Exercise objective:
Pictures stay out, but every line of the data is copied exactly.

──────── Data extract ────────

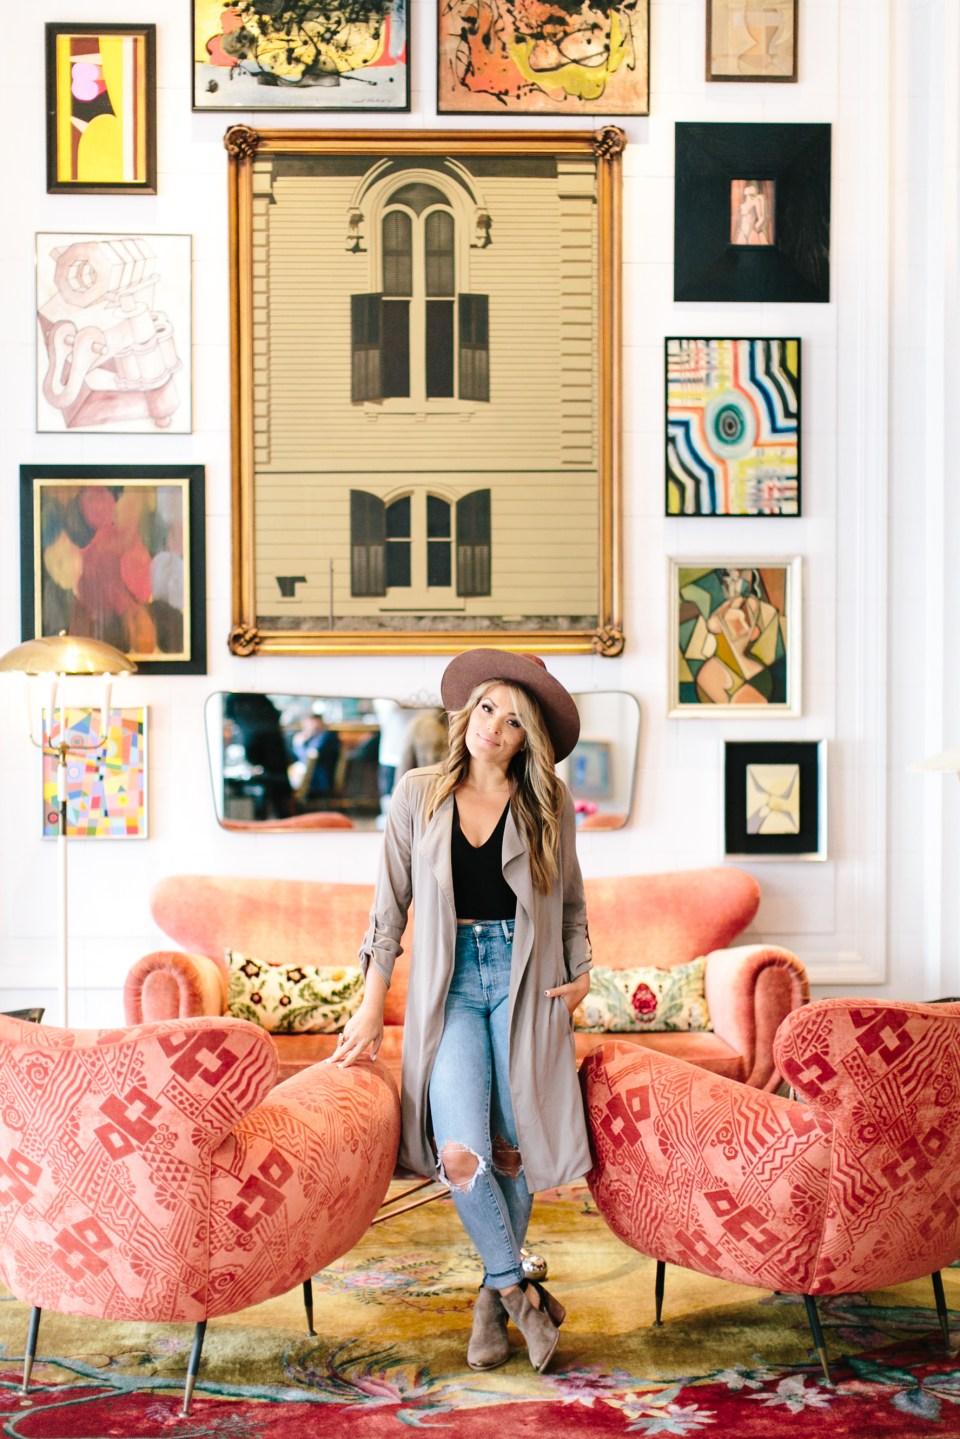 Jasmine Star - Social Curator - With Grace and Gold - With Grace Movement #WITHGRACEMOVEMENT Interview - 3
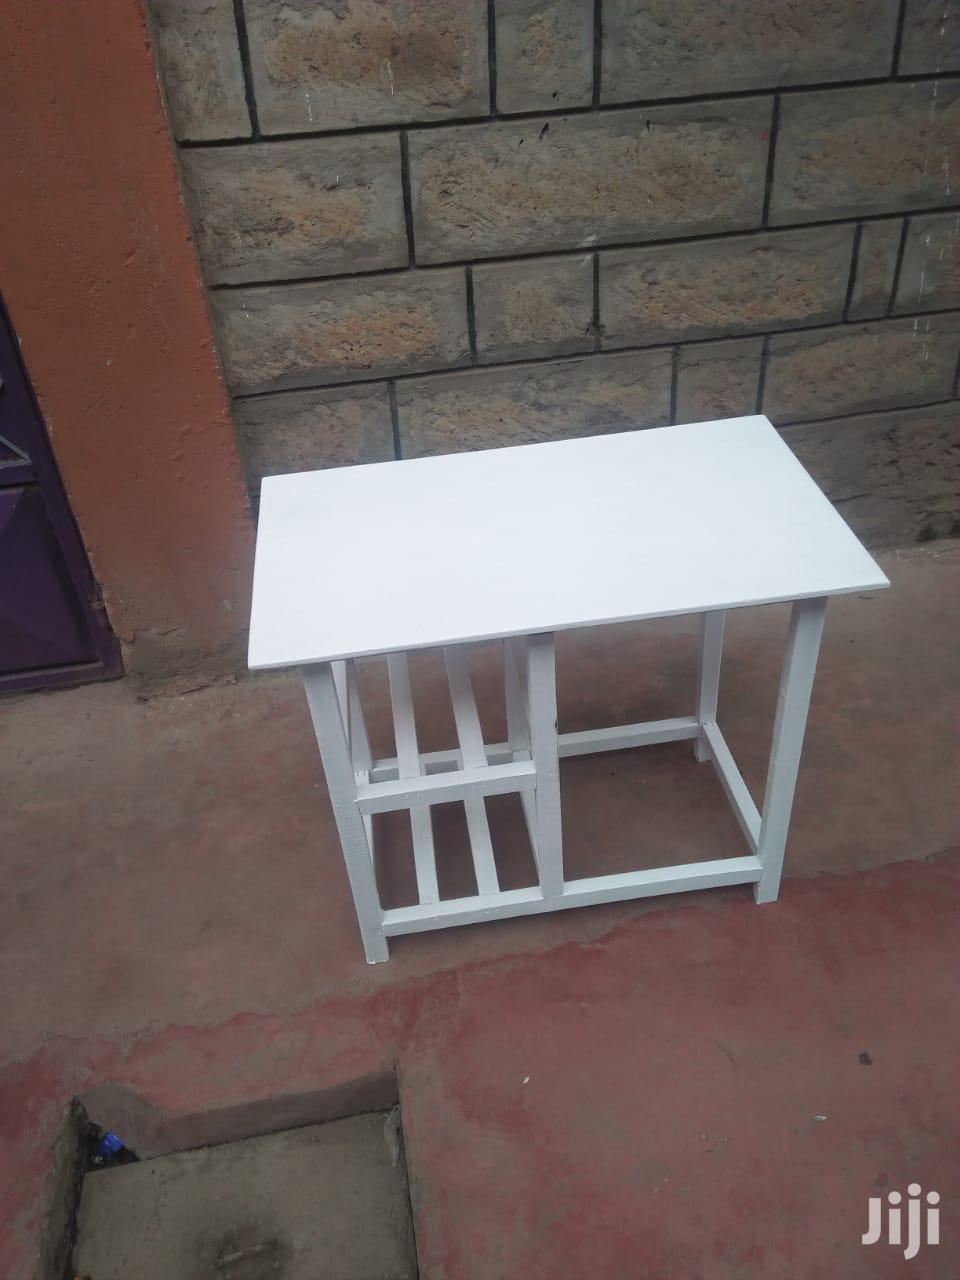 Kitchen Tables | Furniture for sale in Nairobi Central, Nairobi, Kenya
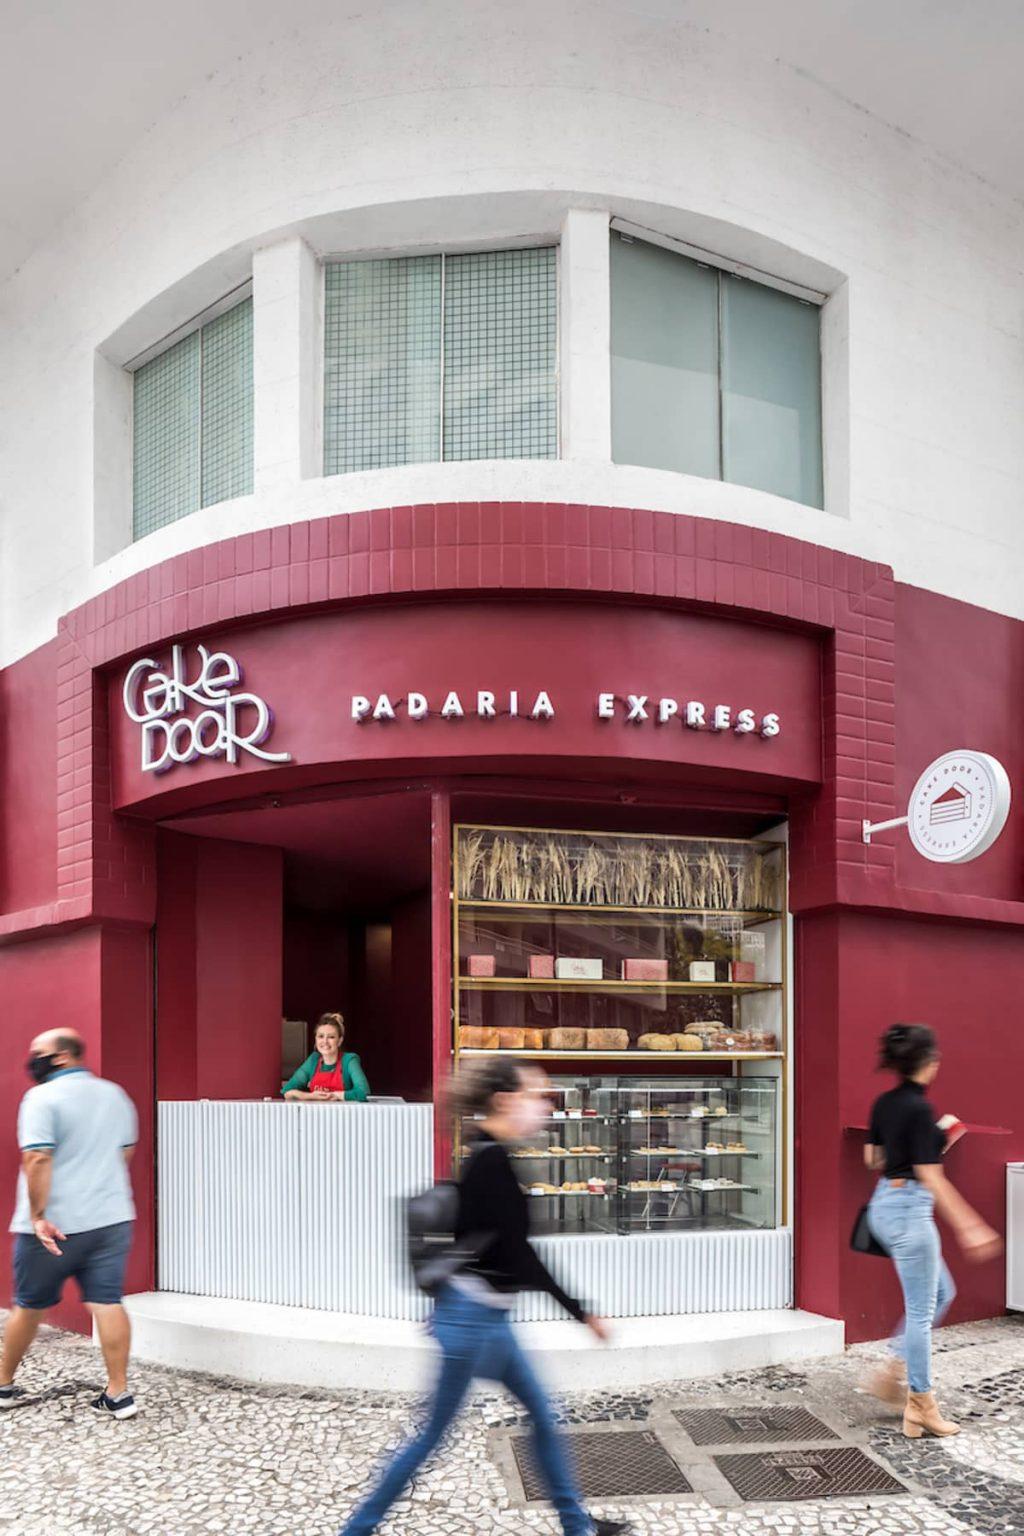 Cake Door – a Corner Bakery by BOSCARDIN CORSI Architects

────────

Response to the task:
 Jasmine Star - Social Curator - With Grace and Gold - With Grace Movement #WITHGRACEMOVEMENT Interview - 3
 Kitchen Tables | Furniture for sale in Nairobi Central, Nairobi, Kenya
 Cake Door – a Corner Bakery by BOSCARDIN CORSI Architects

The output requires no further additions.